2018年、ブロックチェーン業界では昨年流行ったHODL(暗号通貨を保有し続けるHOLDの意)からBUIDL(アプリケーションを作り上げるBUILDの意)へシフトをしています。

具体化を持ち始めるEthereumの代名詞

Ethereumは、その歴史を振り返るとローンチから1年目は、その代名詞が「ビットコイン2.0」でしたが、近年は代名詞が「オープンファイナンス」「クリプトコレクティブ」「DApps」になってきています。


(引用:  https://tokeneconomy.co/visions-of-ether-590858bf848e )

ネットワークの代名詞が「ビットコイン2.0」という具体性には欠けたものから、これらに移り変わっていることは、やはり実態も具体性があるものが出来上がりつつあります。

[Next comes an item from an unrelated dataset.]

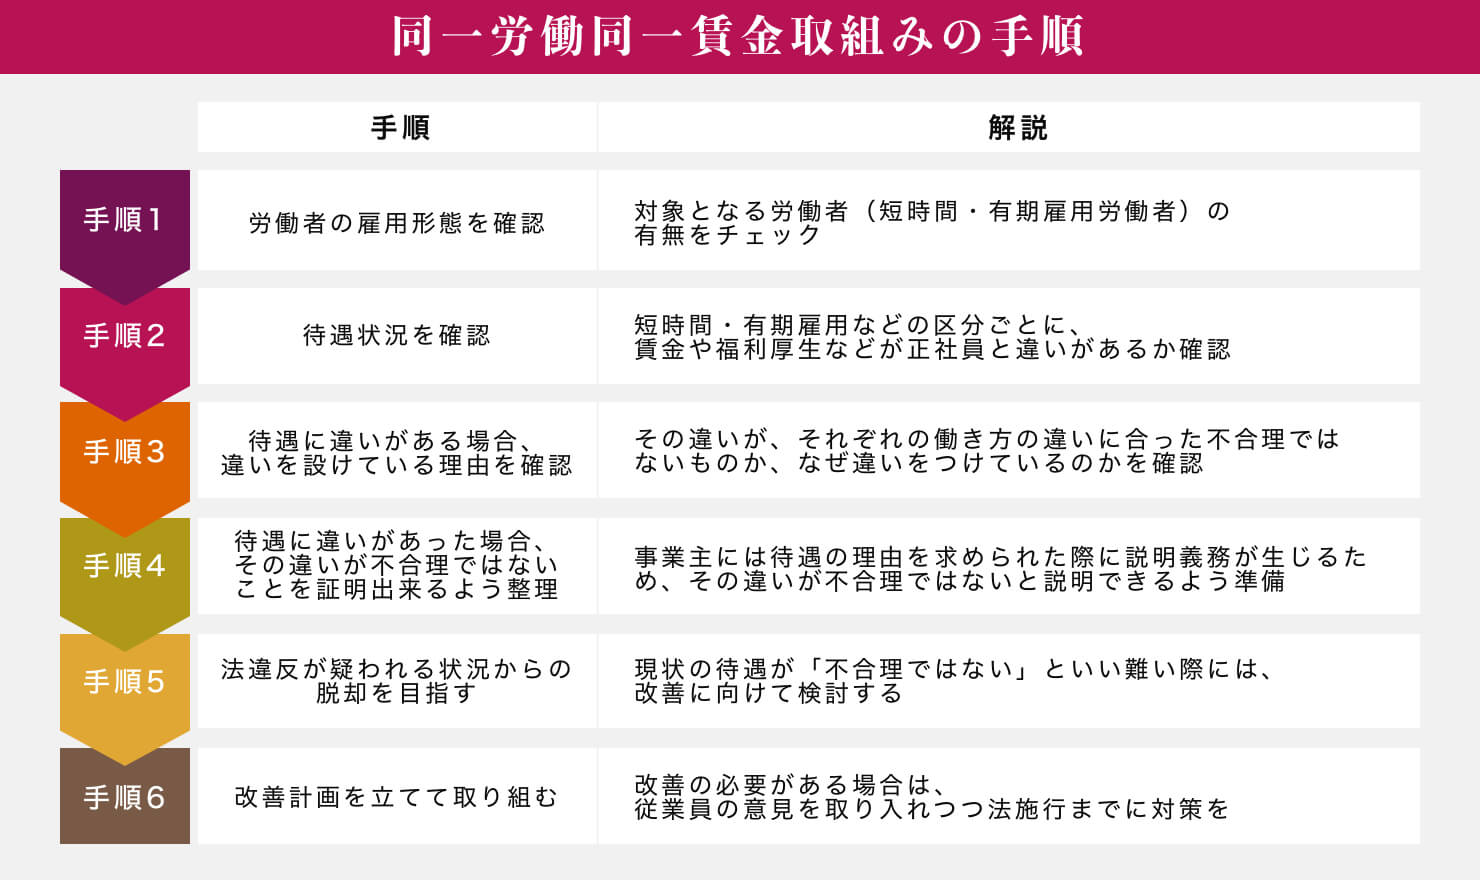 同一労働同一賃金取組みの手順 (1).jpg
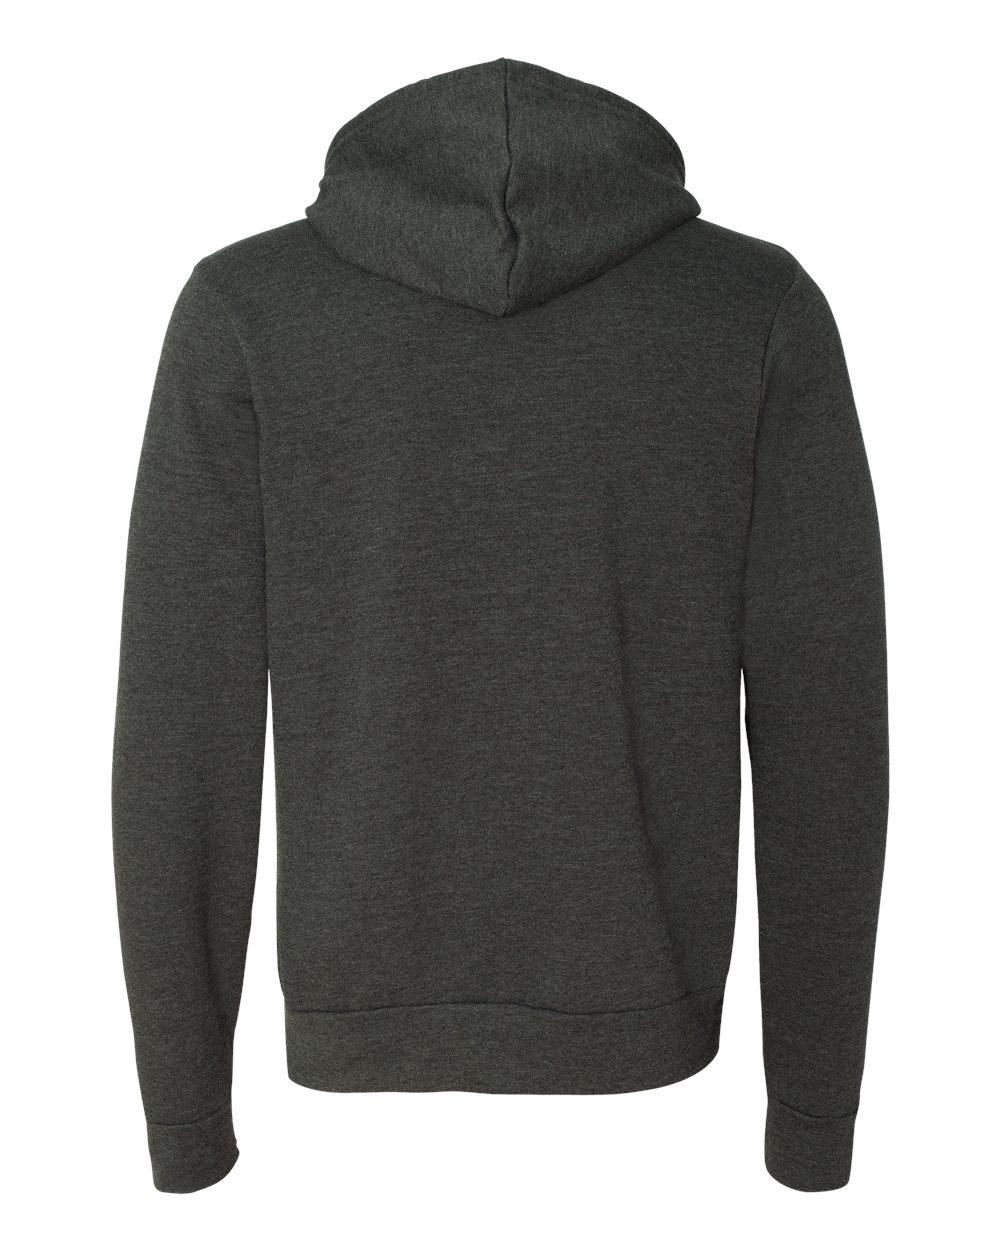 Bella-Canvas-Unisex-Sponge-Hooded-Pullover-Sweatshirt-Blank-3719-up-to-2XL thumbnail 20

下記のツイートでは、Ethereumのキラーアプリとして、7つのテーマが紹介されており、本コラムではそれらを解説します。

7つのEthereumのキラーアプリ

1. Crowdfunding (ICOs)

Ethereumにおいてキラーアプリの一つはICOであることは否定できないでしょう。
2017年はICOバブルという年で、様々なプロジェクト二桁Millionの資金調達を実施しました。
技術的には、グローバルでトランザクションが送れ、スマートコントラクトによって必ず平等な条件でトークンを配布することができ、それが可視化されているのがオンチェーンでICOを行うことのメリットです。
最も2018年末時点において、資金調達の中心はICOからプライベートセールなどに移っていることを下記のブログで詳しく説明しています。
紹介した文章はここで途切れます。